Step back for a moment and consider what happened Tuesday.
The people of the United States elected a black man named Barack Obama as their president.
Given the corrosive role of race in the American saga, this is a seminal event. Not just for this country, but for any country.
There does not appear to be a single instance in “the entire history of the human condition,” to use the words of writer Shelby Steele, in which a major nation-state has chosen to put a member of such a historically downtrodden minority in charge.
“It says to everyone in America, ‘You can be president someday,’ ” said historian Douglas Brinkley, of Rice University. “It plays into our national mythology in a very real and profound way. … This isn’t affirmative action. This is winning.”
What gives special power to this milestone – which was barely discussed during the campaign – is that it arrived years, perhaps decades, earlier than most people thought it would.
“This is beyond the wildest dreams of Martin Luther King Jr.,” said Ron Walters, who helped run Jesse Jackson’s presidential campaigns in 1984 and 1988. “After those campaigns, I thought you’d never have a black president in my lifetime.”
In the annals of black history, it ranks with the Emancipation Proclamation in 1863 and the Supreme Court’s 1954 school-desegregation decision, historians say. As an election outcome, it’s up there with Abraham Lincoln’s victory in 1860 and Franklin D. Roosevelt’s in 1932.
“Whether or not this turns out to be a realigning election or ushers in a new progressive era, I think it’s going to be larger than we imagine in its impact,” said author Doris Kearns Goodwin. “So much of the past had to have been laid aside to allow this to happen.”
And much of the rest of the international community will applaud.
“There is utter amazement around the world that this is happening,” said William H. Gray III, a former congressman from Philadelphia who recorded some black political firsts during his own career.
“In other countries, people see it as an affirmation of the American dream, that this is a place of wonderful opportunity for everyone,” Gray said. “What may seem simple to us as Americans is terribly profound to them.”

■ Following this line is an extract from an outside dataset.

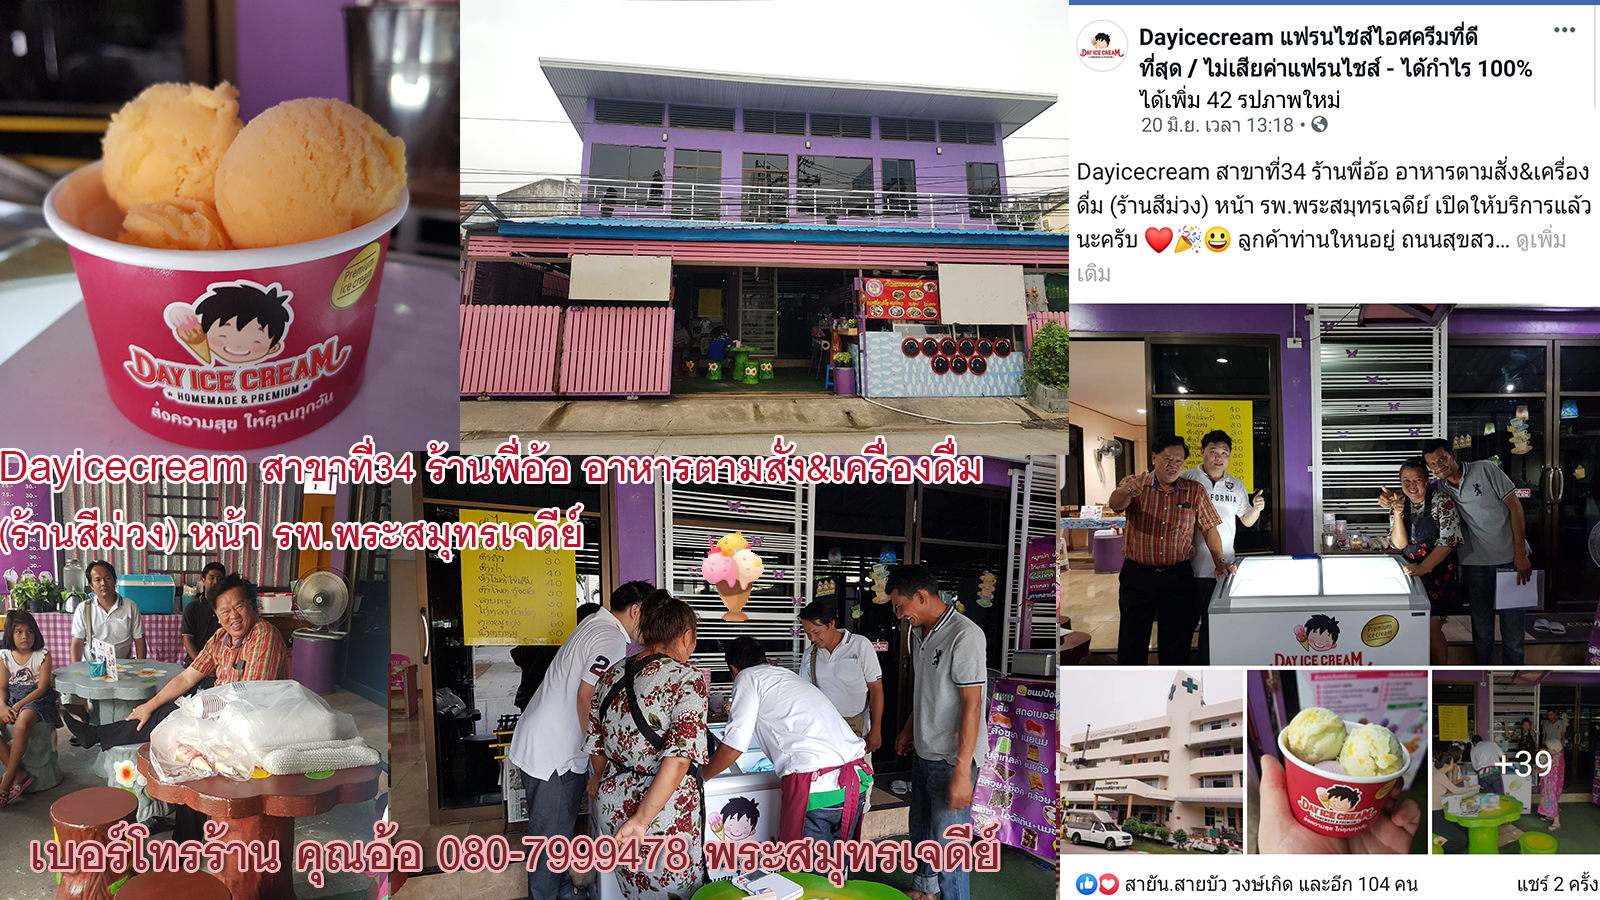 Dayicecream #0046 สาขาที่34 ร้านพี่อ้อ อาหารตามสั่ง&เครื่องดื่ม (ร้านสีม่วง) หน้า รพ.พระสมุทรเจดีย์

However, not everything in the realm of race relations changes with Obama’s victory.
It’s too early to gauge the impact. Some black leaders worry that whites will think that full racial equality has arrived – even though, they say, there’s still a lot of work to do.
The economic conditions of black life in urban America aren’t going to change overnight. But the national conversation about race will be transformed in any number of ways.
Rep. Artur Davis, a black Democrat from Alabama, said blacks would no longer be able to portray themselves credibly as perennial “victims,” not with the Obama family living in the White House.
“That vocabulary, that way of talking about issues has to change,” Davis said, suggesting that questions of social need would have to be framed in terms of opportunity and economics rather than race.
“It can’t simply be a conversation about who did what to whom. A significant number of white Americans will reject that conversation.”
Obama made much the same point during his race speech in Philadelphia in March, saying that blacks must bind “our particular grievances … to the large aspirations of all Americans.”
Glenn Loury, an economist at Brown University, said earlier this year that Obama’s black supporters were “voting for the end of race as we’ve known it.”
His point was to alert blacks to the possibility that some whites might use an Obama victory to argue that the society no longer needed to concern itself with black poverty, economic inequality and affirmative action.
“Barack Obama knows this, but America is deeply confused about it,” Loury said.